Die Autoren geben an, dass keine Interessenkonflikte bestehen.

Nature Communications dankt den anonymen Gutachtern für ihren Beitrag zum Peer-Review dieser Arbeit. Peer-Reviewer-Berichte sind verfügbar.

Anmerkung des Herausgebers Springer Nature bleibt hinsichtlich der Zuständigkeitsansprüche in veröffentlichten Karten und institutionellen Zugehörigkeiten neutral.

Open Access Dieser Artikel ist unter einer Creative Commons Attribution 4.0 International License lizenziert, die die Nutzung, Weitergabe, Anpassung, Verbreitung und Reproduktion in jedem Medium oder Format erlaubt, sofern Sie den/die ursprünglichen Autor(en) und die Quelle angemessen angeben. Geben Sie einen Link zur Creative Commons-Lizenz an und geben Sie an, ob Änderungen vorgenommen wurden. Die Bilder oder anderes Material Dritter in diesem Artikel sind in der Creative Commons-Lizenz des Artikels enthalten, sofern in der Quellenangabe für das Material nichts anderes angegeben ist.

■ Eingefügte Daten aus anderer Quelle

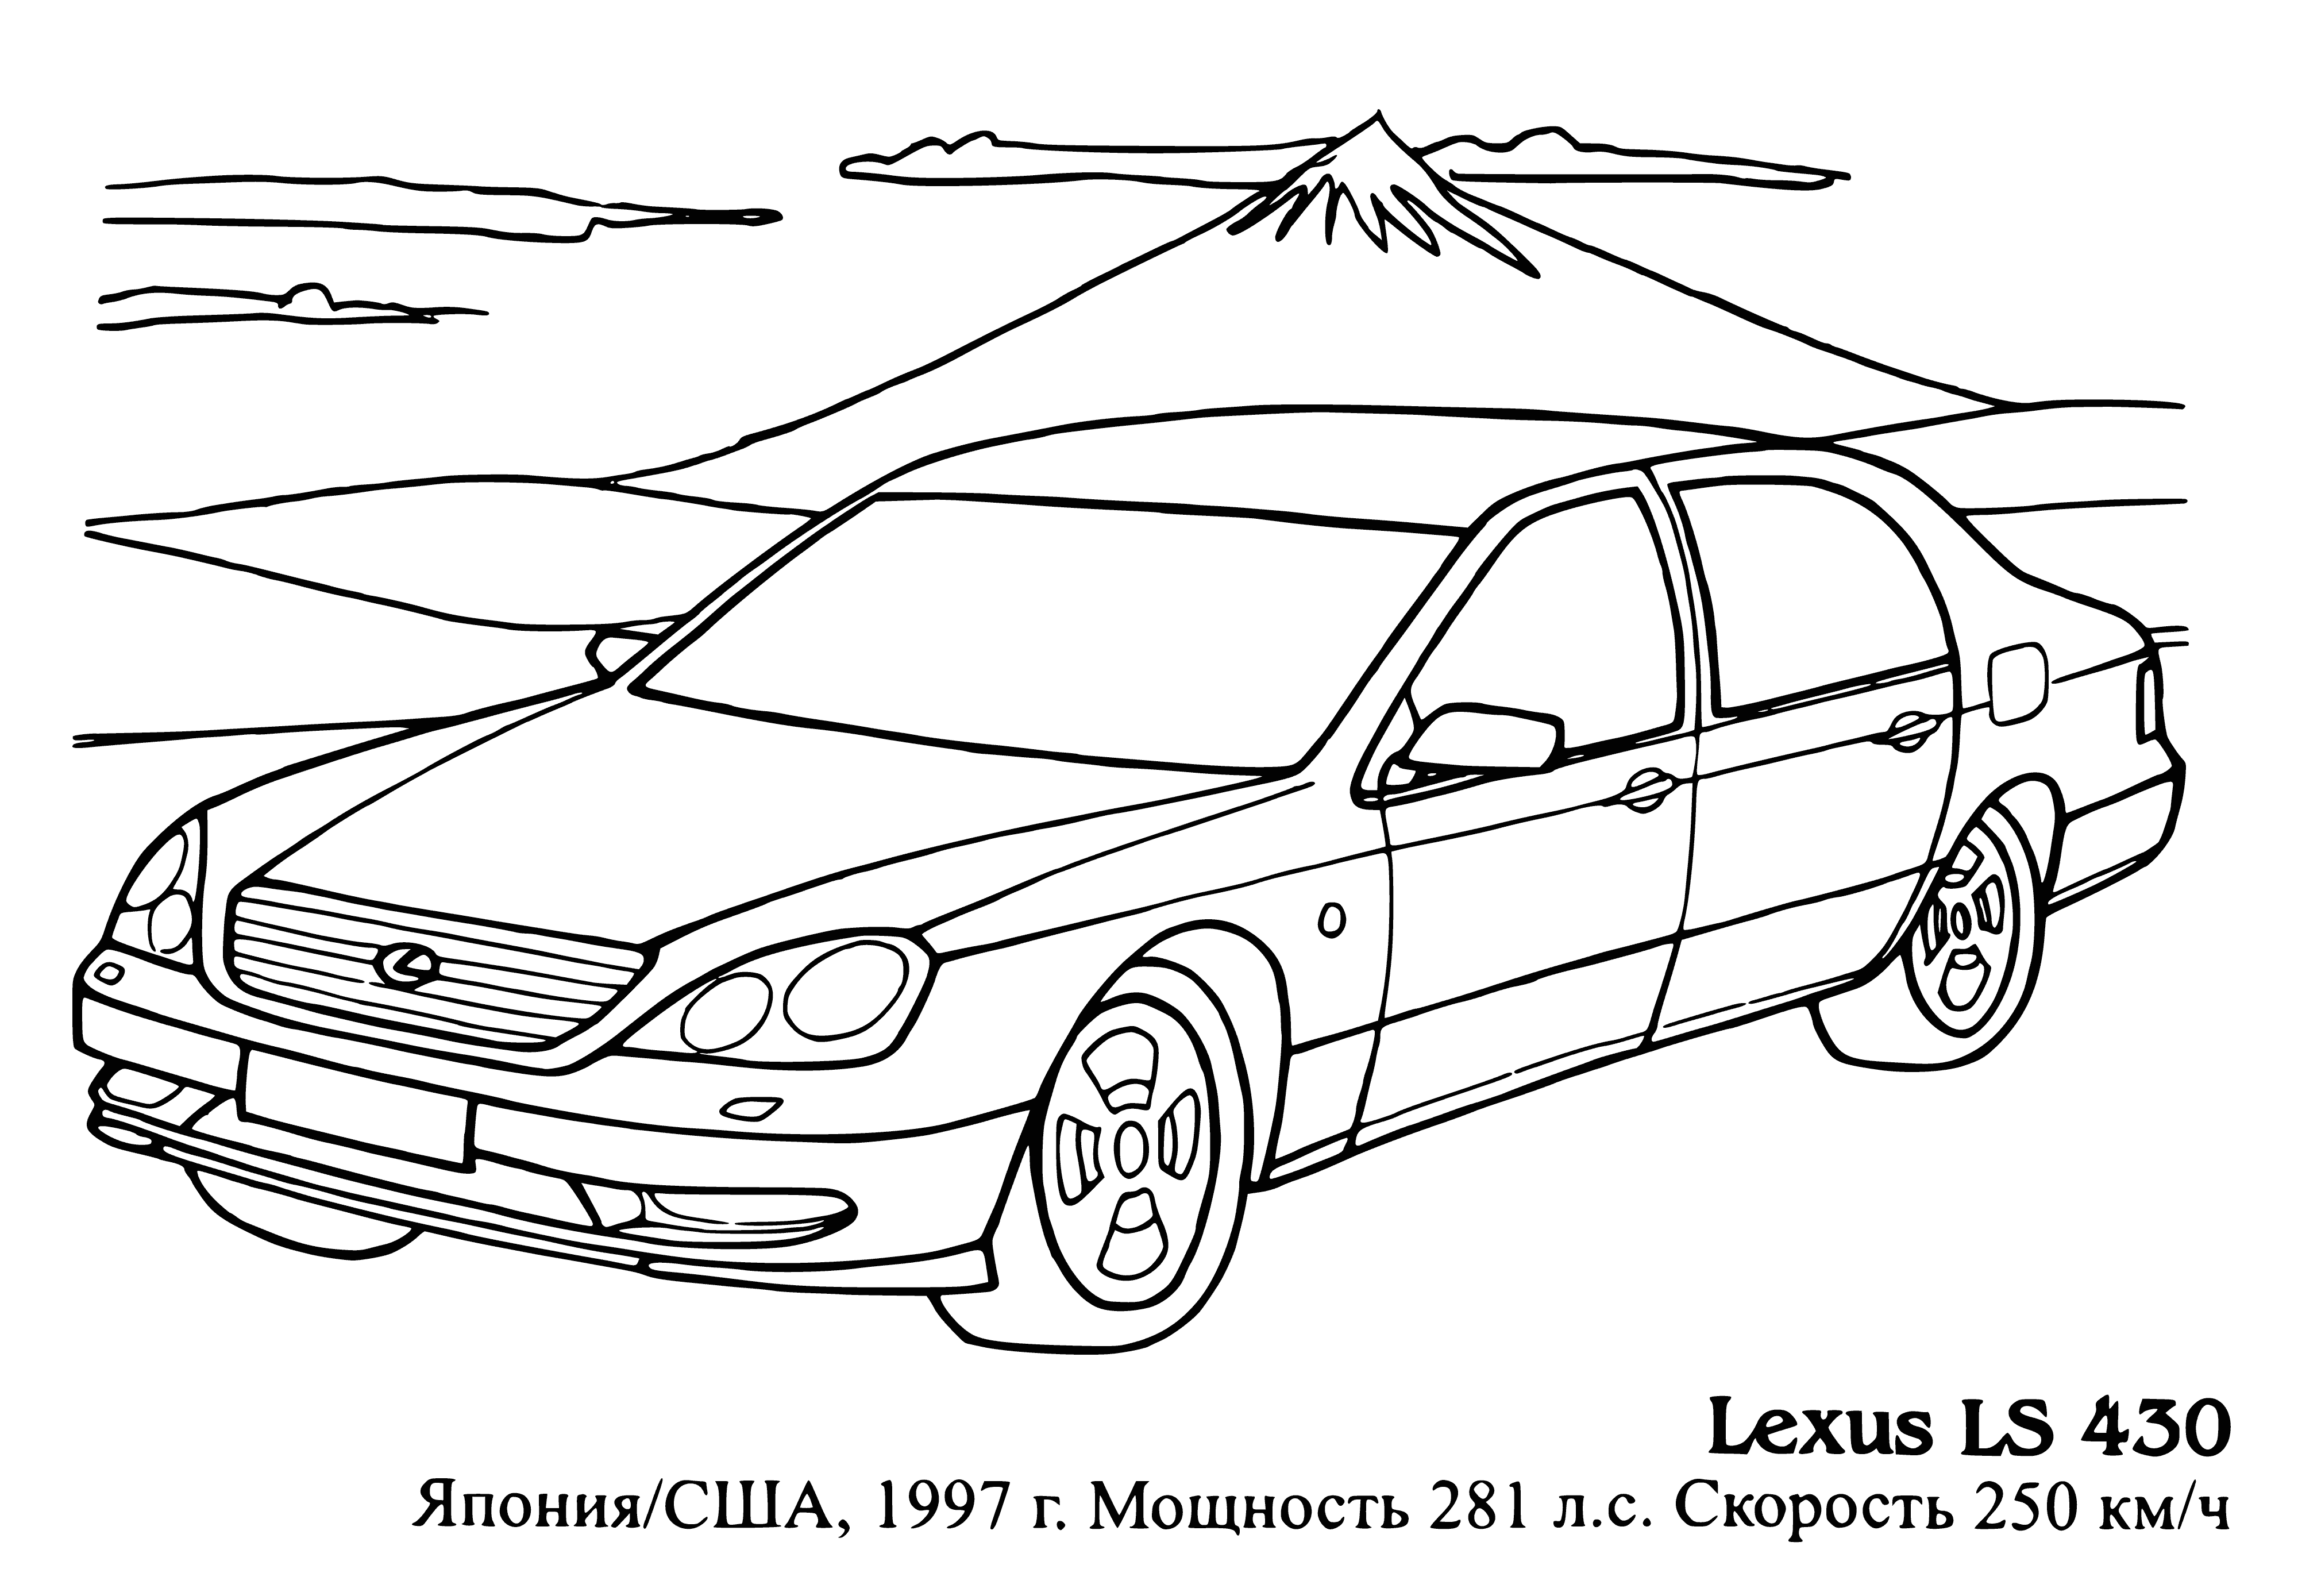 Lexus LS 430 boyama sayfası

Wenn Material nicht in der Creative-Commons-Lizenz des Artikels enthalten ist und Ihre beabsichtigte Nutzung nicht durch gesetzliche Vorschriften zulässig ist oder über die zulässige Nutzung hinausgeht, müssen Sie die Genehmigung direkt vom Urheberrechtsinhaber einholen. Um eine Kopie dieser Lizenz anzuzeigen, besuchen Sie http://creativecommons.org/licenses/by/4.0/.

Nachdrucke und Genehmigungen

Park, H., Na, M., Kim, B. et al. Deep Learning ermöglicht eine referenzfreie isotrope Superauflösung für die volumetrische Fluoreszenzmikroskopie. Nat Commun 13, 3297 (2022). https://doi.org/10.1038/s41467-022-30949-6

Zitat herunterladen

Eingegangen: 18. Mai 2021

Angenommen: 10. Mai 2022

Veröffentlicht: 08. Juni 2022

DOI: https://doi.org/10.1038/s41467-022-30949-6

Jeder, mit dem Sie den folgenden Link teilen, kann diesen Inhalt lesen:

Leider ist für diesen Artikel derzeit kein Link zum Teilen verfügbar.

Bereitgestellt von der Content-Sharing-Initiative Springer Nature SharedIt

Durch das Absenden eines Kommentars erklären Sie sich damit einverstanden, unsere Nutzungsbedingungen und Community-Richtlinien einzuhalten. Wenn Sie etwas als missbräuchlich empfinden oder etwas nicht unseren Bedingungen oder Richtlinien entspricht, kennzeichnen Sie es bitte als unangemessen.